Wednesday, May 7, 2008

D vs R

Today the Congress debates a proposal, introduced by Barney Frank, D-Mass, to let FHA insure new loans to cover lenders willing to reduce the mortgage principal for homeowners in crisis. The proposal is designed to gain bipartisan support, including elements, such as additional tax-free municipal bonds, supported by the Bush administration.

Republicans who oppose the proposal have largely argued that it covers not only innocent victims of deceptive lending practices but also speculators and get-rich-quick schemers who fully realized the risks they were taking in mortgaging new property.

Here's my point.

The proposal is one more illustration of the fundamental difference between America's chief political parties.

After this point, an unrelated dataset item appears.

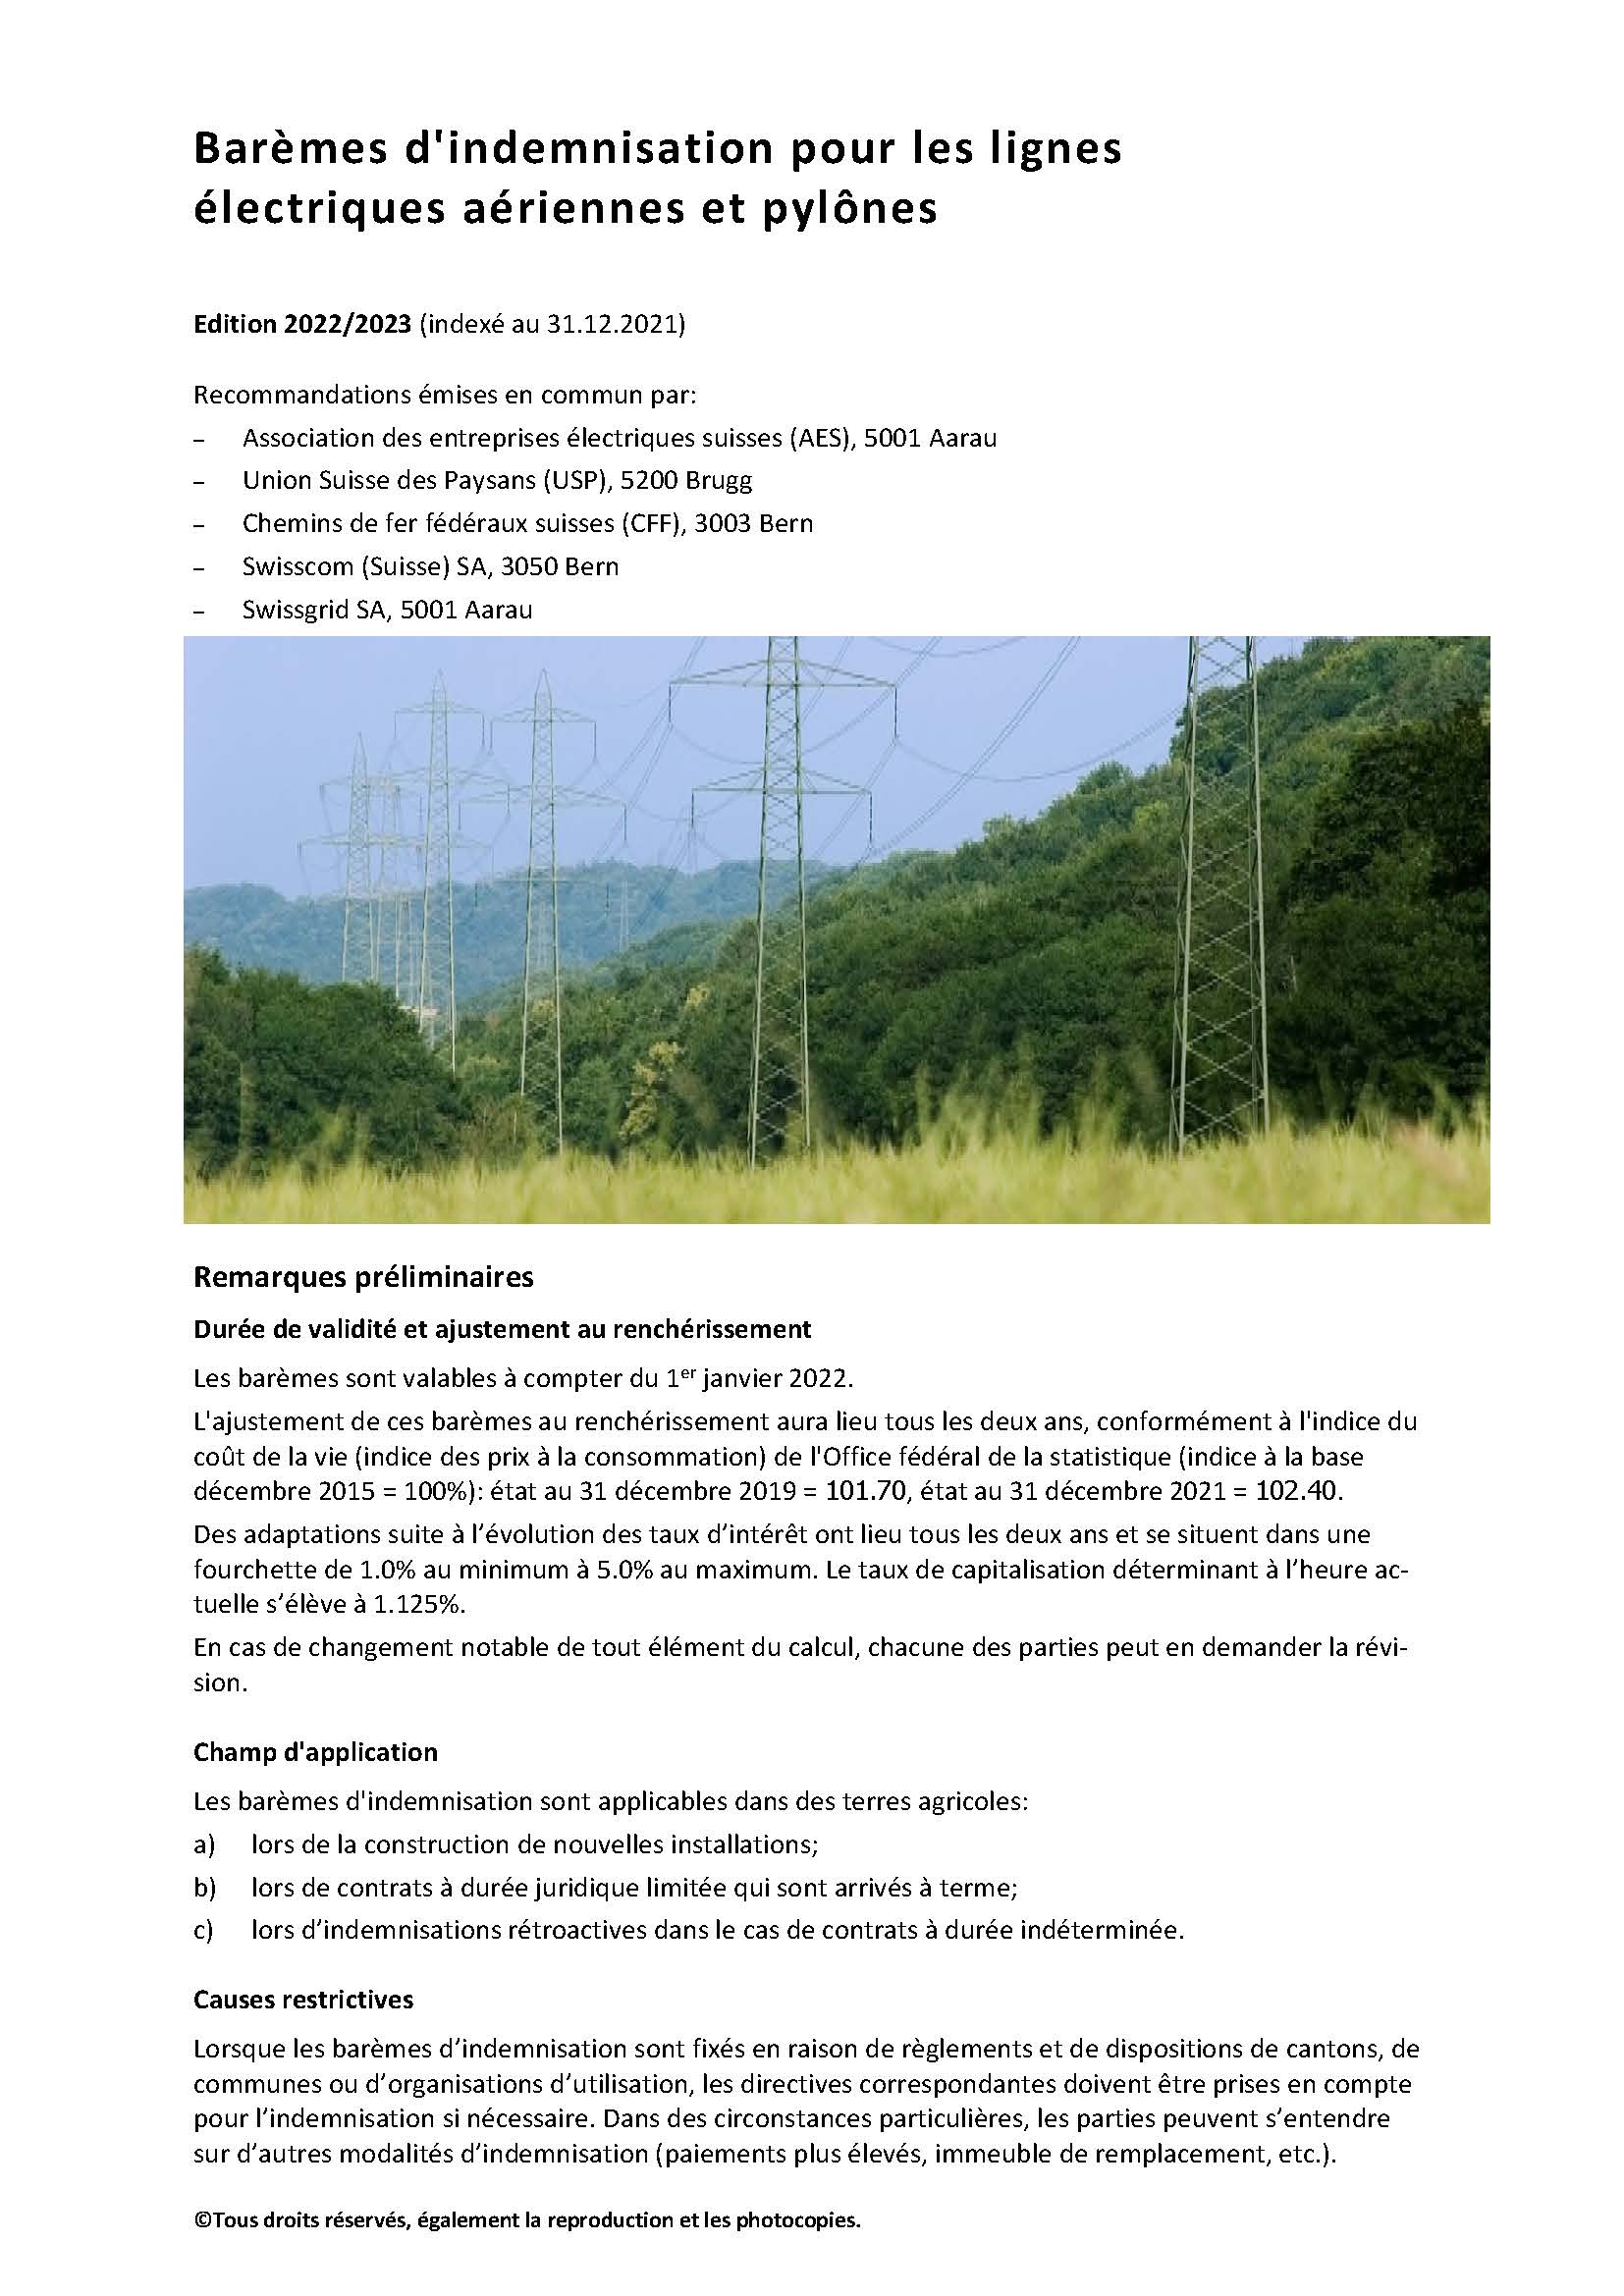 Barèmes d'indemnisation pour les lignes électriques aériennes et pylônes - Édition 2022/2023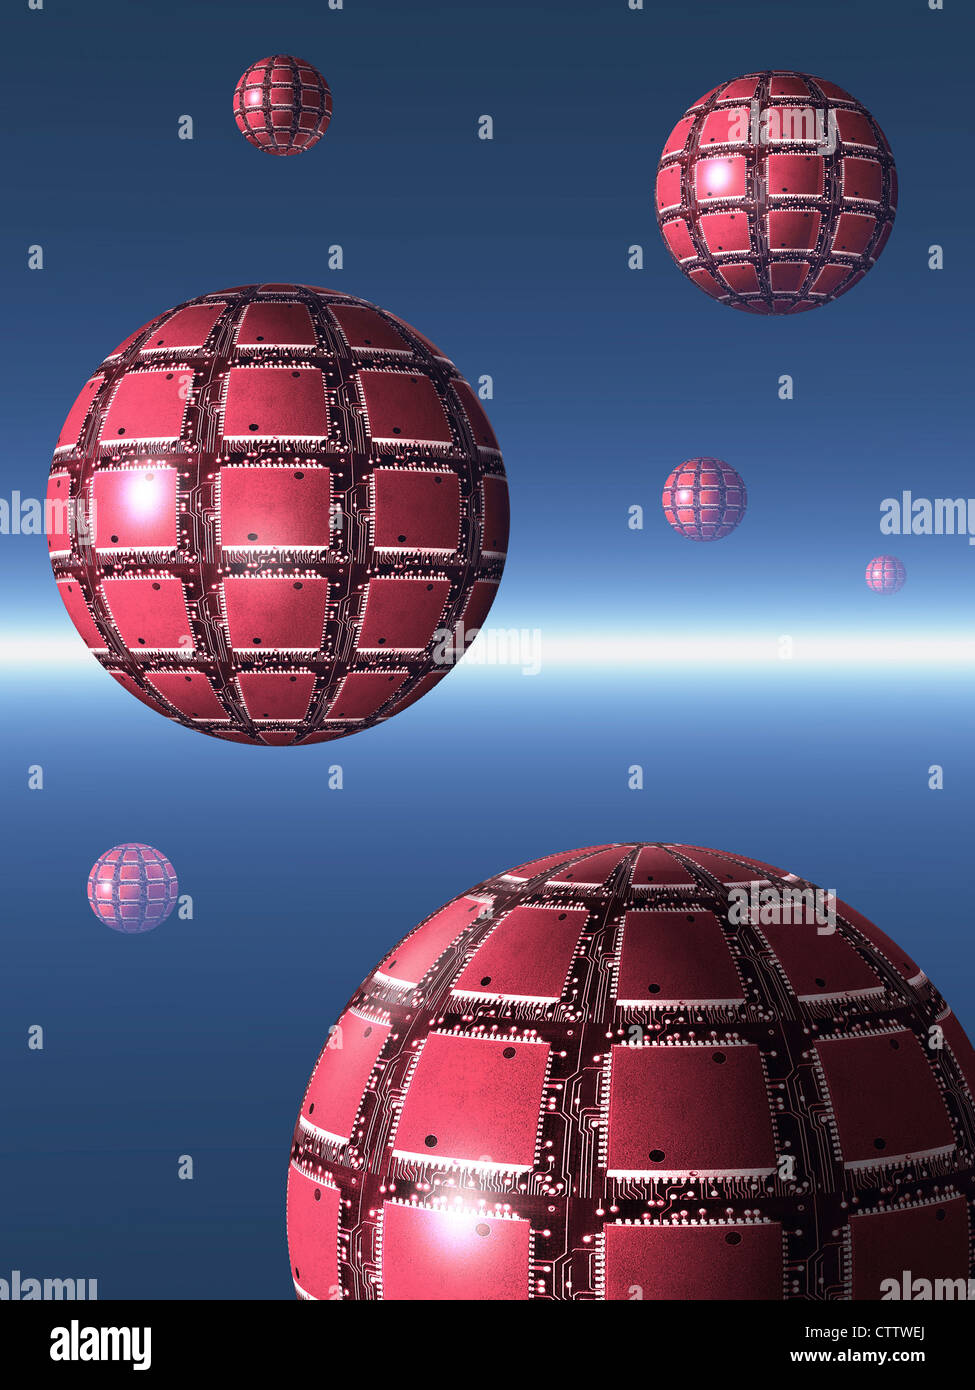 Avec les sphères des puces d'ordinateur sur leur surface flottant dans un espace bleu - Schwebende rote Kugeln aus Computerchips Banque D'Images

Democrats see problems in the system and seek systemic solutions for them. Such wide-ranging solutions can and often do benefit "unworthy" individuals, while more generally trying to straighten out a messed-up system.

Republicans oppose these measures by identifying the cheats who may profit from them. This morning on NPR a Republican congressman, whose name I missed, expressed a desire to solve the challenges faced by "innocent" homeowners, but only with the implementation of a process by which the worthy can be segregated from the unworthy.

Such caution is ultimately stultifying to systemic change. This is why AIDS relief was so slow in arriving: Republicans wanted to save the "innocent victims" of AIDS and only the "innocent."

Similar moral discriminations have played into Republican responses to Hurricane Katrina, immigration, and health-care reform.

The quest for the "innocent," though noble sounding, slows down needed changes in society. Can politicians effectively distinguish who does and does not deserve relief and help in times of crisis? Is the distinction even necessary?

Interestingly, Republicans tend not to have the same qualms about acts of war. Most Republicans accept that "collateral damage" is part of military conflicts. In wartime, the innocent are punished along with the guilty--sometimes in greater numbers than the guilty. Republicans state that such losses are "regrettable" but "unavoidable."

Some conservatives make a similar argument about the death penalty and the detention of "terror suspects"--injustices towards the innocent are here acceptable in the broader effort to root out and destroy the guilty.

I wonder why then Republicans can accept the suffering of the innocent to ensure the punishment of the guilty, but cannot accept that some undeserving people may prosper from proposals designed to help the deserving.

More importantly, I question the sincerity of their moral reservations about proposed remedies for social ills and wonder whether their righteous outcries--against ruthless speculators, sinners, and victims of "lifestyle" choices--are deliberate, cynical attempts to shirk their political responsibility to find effective, speedy solutions to society's problems.